IIT Chicago-Kent College of Law announces its Dean Jerome Prince Memorial Evidence Competition team
Miranda Crowell, Samantha Gaul and David Welch, second-year students at IIT Chicago-Kent College of Law, will participate in the 30th annual Dean Jerome Prince Memorial Evidence Competition March 26 to 28 at Brooklyn Law School.
Law school teams from 36 moot court programs throughout the country compete in the tournament, which is designed to provide students with the opportunity to write and argue appellate briefs that address evidentiary issues in a contemporary context.
The competition is named for the late Jerome Prince, a prominent evidence scholar and the author of Prince on Evidence. A graduate of Brooklyn Law School, Dean Prince joined the Brooklyn Law School faculty in 1934 and served as dean from 1953 to 1971. After his retirement, he remained on faculty, continuing to teach evidence courses until his death in 1988.

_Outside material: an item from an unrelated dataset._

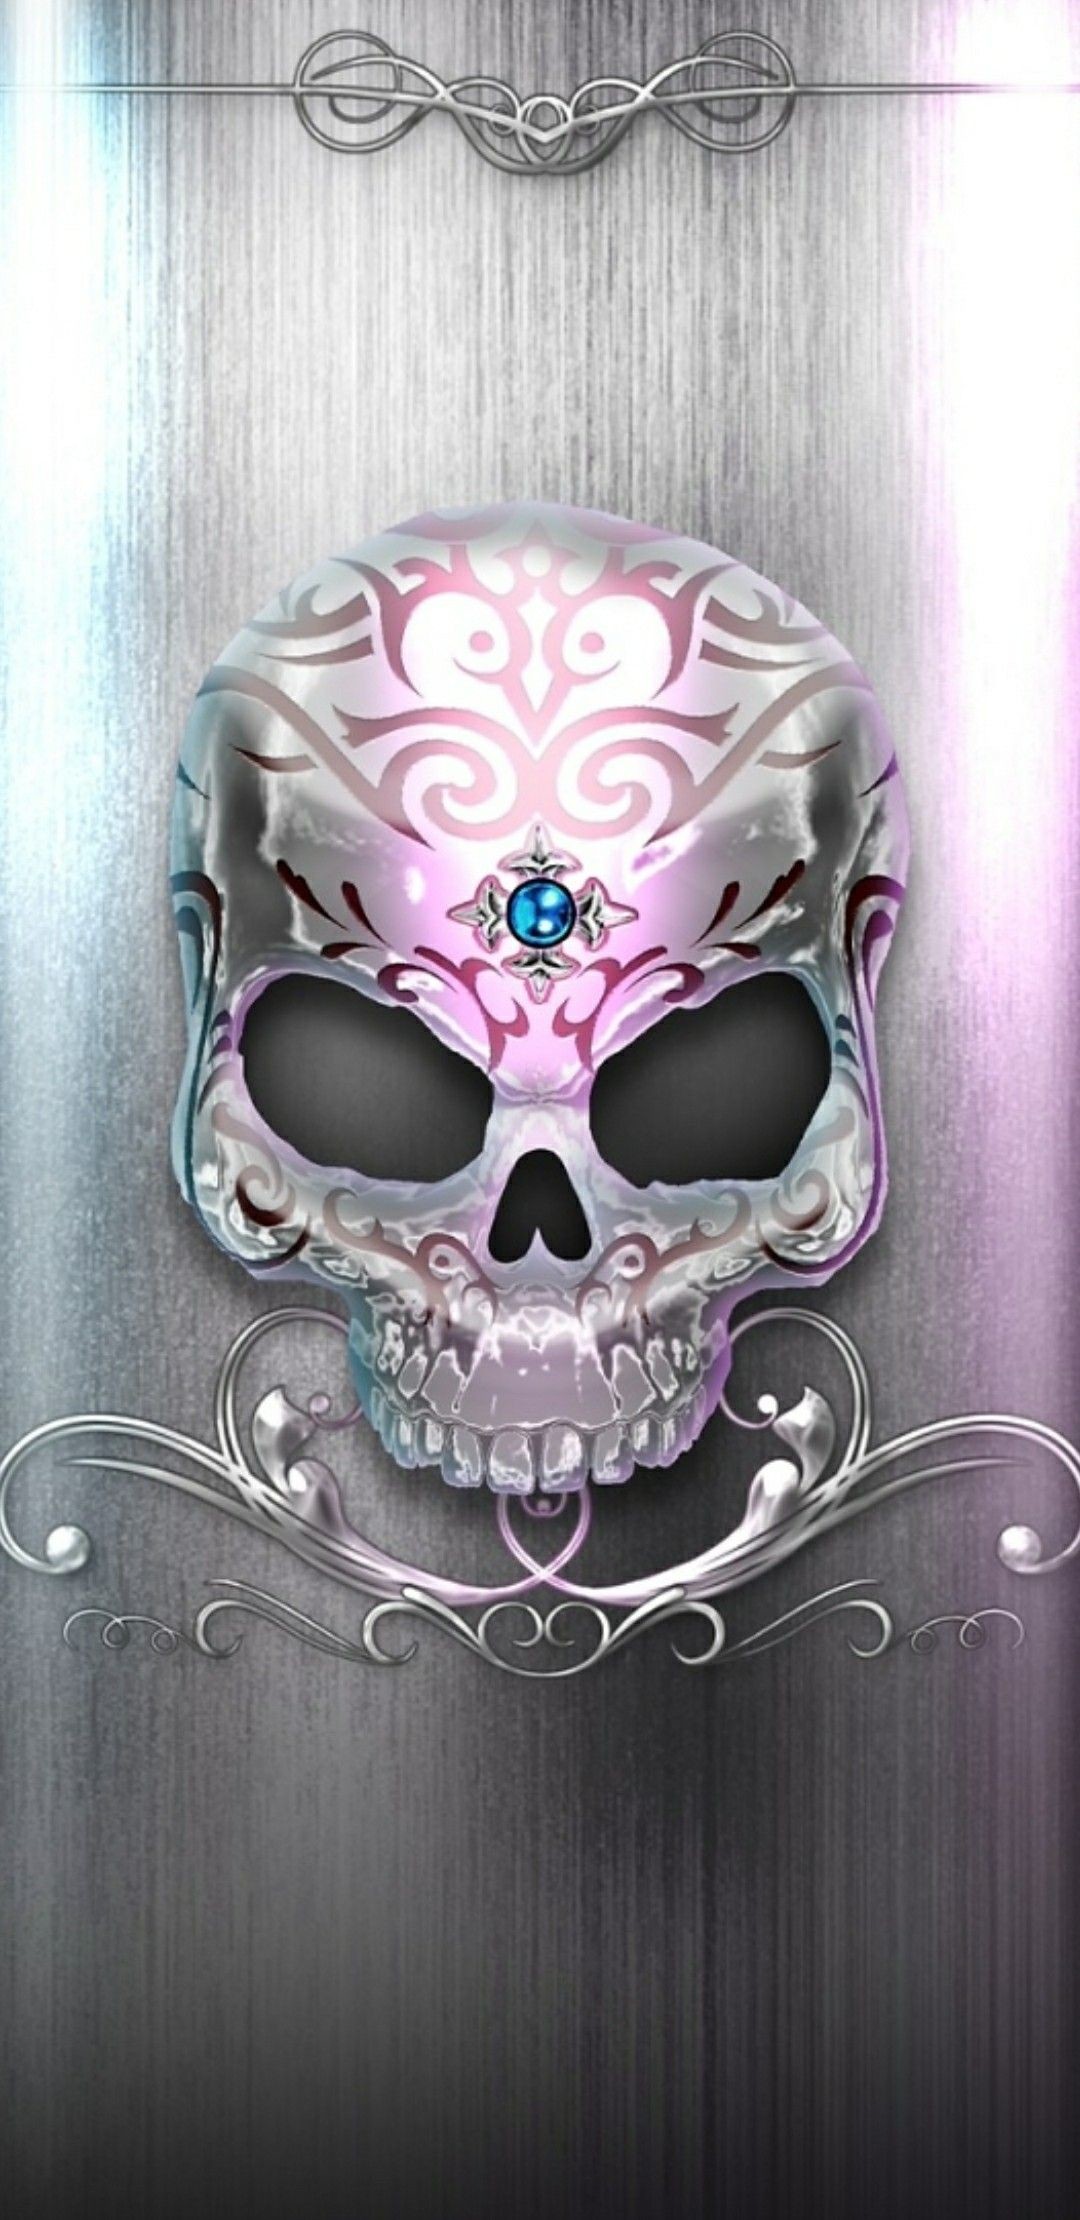 1080x2220 Skull Tattoos, Virgo Tattoos, Sugar Skull Artwork, Sugar Skull Drawings, Sugar  Skull

Team member Miranda Crowell graduated magna cum laude with a degree in biological science from McNeese State University. Teammate Samantha Gaul earned a degree in English with a concentration in professional and technical writing at the University of South Florida. Teammate David Welch received a bachelor's degree in accounting at Fordham University's Gabelli School of Business.
Founded in 1888, IIT Chicago-Kent College of Law is the law school of Illinois Institute of Technology, also known as Illinois Tech, a private, technology-focused, research university offering undergraduate and graduate degrees in engineering, science, architecture, business, design, human sciences, applied technology, and law. In 2009, IIT Chicago-Kent successfully defended its championship in the National Moot Court Competition, becoming the first school in that tournament's history to win back-to-back titles.